Im Laufe meines Lebens habe ich viele Argumente derjenigen zur Kenntnis genommen, die sich entschieden haben, die Abtreibung zu unterstützen (oder im Falle einiger Frauen sogar für die Durchführung einer Abtreibung). Was mich am meisten verwunderte, war, dass einige Menschen keinen Widerspruch zwischen der Unterstützung der Abtreibung und dem Glauben an den christlichen Gott sahen. Es geht nicht nur darum, dass sie ihre Haltung nicht als verbrecherisch ansahen (und Mord/Abtreibung ist eine abscheuliche Sünde). Aber ihnen war nicht bewusst, dass der Sohn Gottes selbst, die zweite Person der Heiligen Dreiheit, Mensch geworden ist und neun Monate lang als Mensch im Schoß der Mutter Gottes heranwuchs. Allein aus dieser Tatsache kann ein Christ leicht ableiten, dass das, was sich in der Gebärmutter einer Frau befindet, weder ein „Zellhaufen“ noch nur irgendeine Art lebendiger Organismus sein kann. Wenn er wirklich glaubt, dass Jesus Christus wahrer Gott und wahrer Mensch ist, dann glaubt er auch, dass er nicht nur vor seiner Fleischwerdung eine Person war, sondern auch nach der Verkündigung, als die Jungfrau Maria, nachdem sie zum Erzengel Gabriel das Wort des Heils für die Menschheit gesprochen hatte: „Mir geschehe nach deinem Wort“, in ihrem Schoß mit „der Kraft des Höchsten“ (vgl. Lk 1,35 und 38) ein göttliches Kind und nicht eine noch undefinierte Ansammlung von Zellen geboren wurde. Der Sohn Gottes nahm in diesem Augenblick die menschliche Natur an, d.h. den menschlichen Leib und die menschliche Seele. Die christliche Sichtweise steht also in augenscheinlichem Widerspruch zu derjenigen der Befürworter des Rechts auf Abtreibung. Manche sehen diesen Widerspruch jedoch nicht nur nicht, sondern suchen sogar nach biblischen Gründen, um ihre Sünde zu rechtfertigen – sei es Abtreibung, Homosexualität, Unzucht oder anderes.

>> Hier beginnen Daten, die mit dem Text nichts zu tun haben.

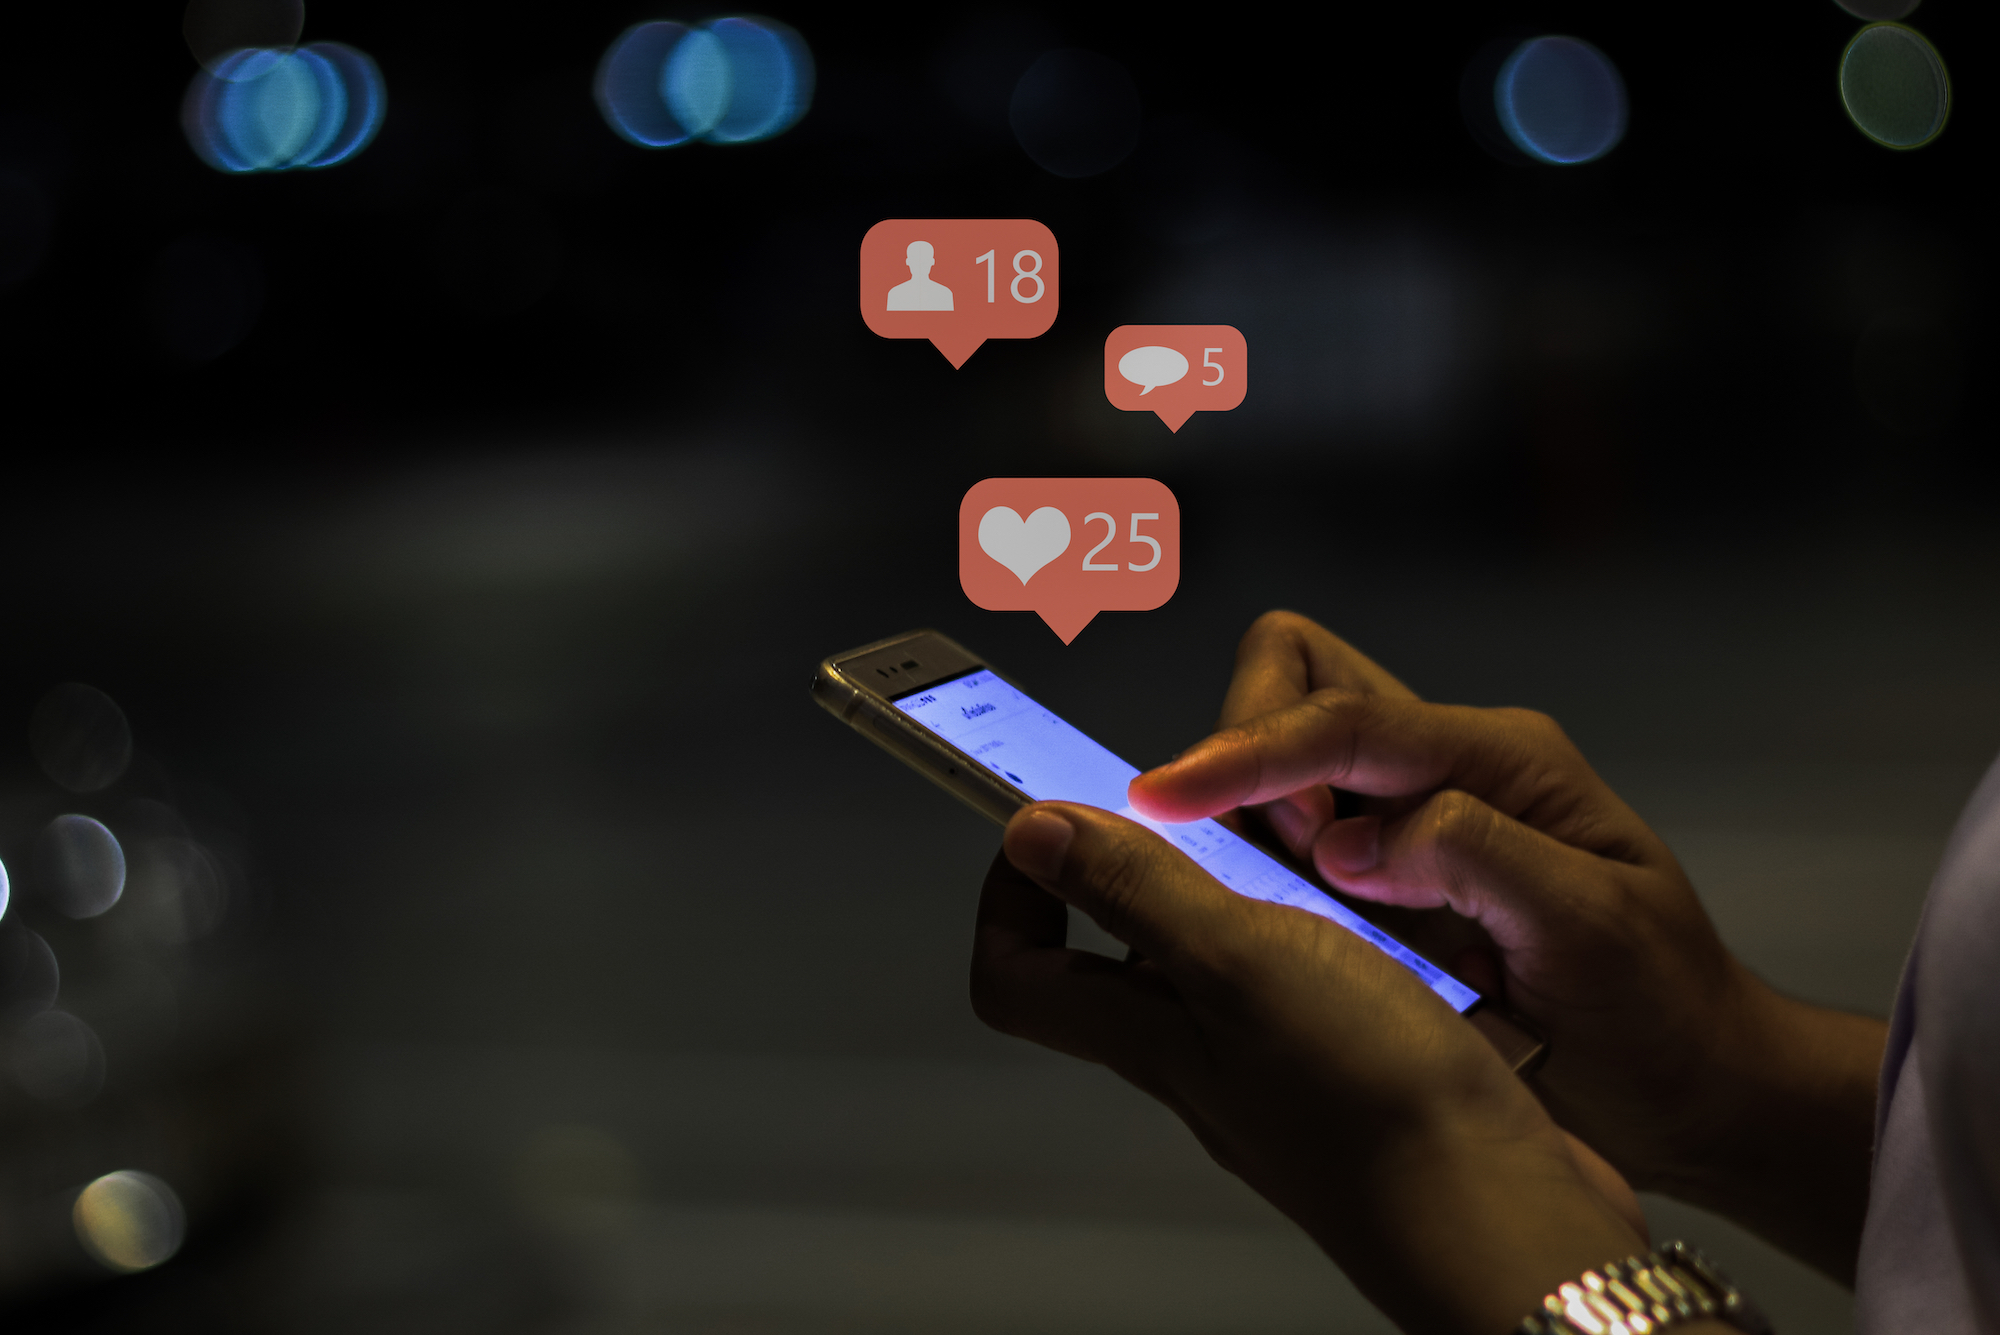 Показатели вовлеченности в социальные сети снижаются в ведущих сетях

Der erste Schritt wäre also genau dies: entweder den christlichen Glauben vollkommen anzunehmen oder zu akzeptieren, dass wir uns außerhalb des Willens Gottes befinden, wenn wir zu kriminellen Handlungen wie der Abtreibung greifen. Auch nach zweitausend Jahren haben wir nicht verstanden, dass wir nicht gleichzeitig bei Gott und beim Mammon sein können (vgl. Matthäus 6,24; Lukas 16,13). Wir betrügen nicht nur uns selbst, wenn wir etwas anderes glauben, sondern fügen auch anderen großen Schaden zu, nämlich unschuldigen Seelen, die in den Leibern derer getötet wurden, die ihnen Liebe und Schutz hätten geben sollen. Ich habe irgendwo gehört, dass der Mutterleib statistisch gesehen zum gefährlichsten Ort der Welt geworden ist. Aber können wir diejenige, die sich für eine Abtreibung entschieden hat, noch mit diesem süßen Wort – Mutter – bezeichnen? Ich glaube schon. Eine solche Frau ist immer noch eine Mutter, selbst wenn sie alle Kinder, die im Laufe der Zeit in ihrem Leib gezeugt wurden, abtreibt. Denn „eine Abtreibung macht sie nicht »unschwanger«, sondern zur Mutter eines toten Kindes“. Oder den Mann zum Vater eines toten Kindes, denn es gibt viele Männer, die zu einer Abtreibung anstiften. Diese Worte fassen auf tragische Weise eine Plage zusammen, die die Menschheit zunehmend zu ergreifen scheint – die Tötung von Babys. Es liegt an jedem von uns, diese Plage auszurotten.

Quelle:

Ersterscheinung in rumänischer Sprache: https://doxologia.ro/puncte-de-vedere/un-avort-nu-te-face-neinsarcinata-ci-mama-unui-copil-mort

Priester Constantin Sturzu

Der Autor ist Berater des Bereichs Kommunikation und Public Relations der Erzdiözese von Iaşi und Sprecher der Metropolie von Moldawien und der Bukowina. Er ist Doktor der Philosophie, Autor zahlreicher Zeitschriftenartikel und Produzent von Radio- und Fernsehsendungen.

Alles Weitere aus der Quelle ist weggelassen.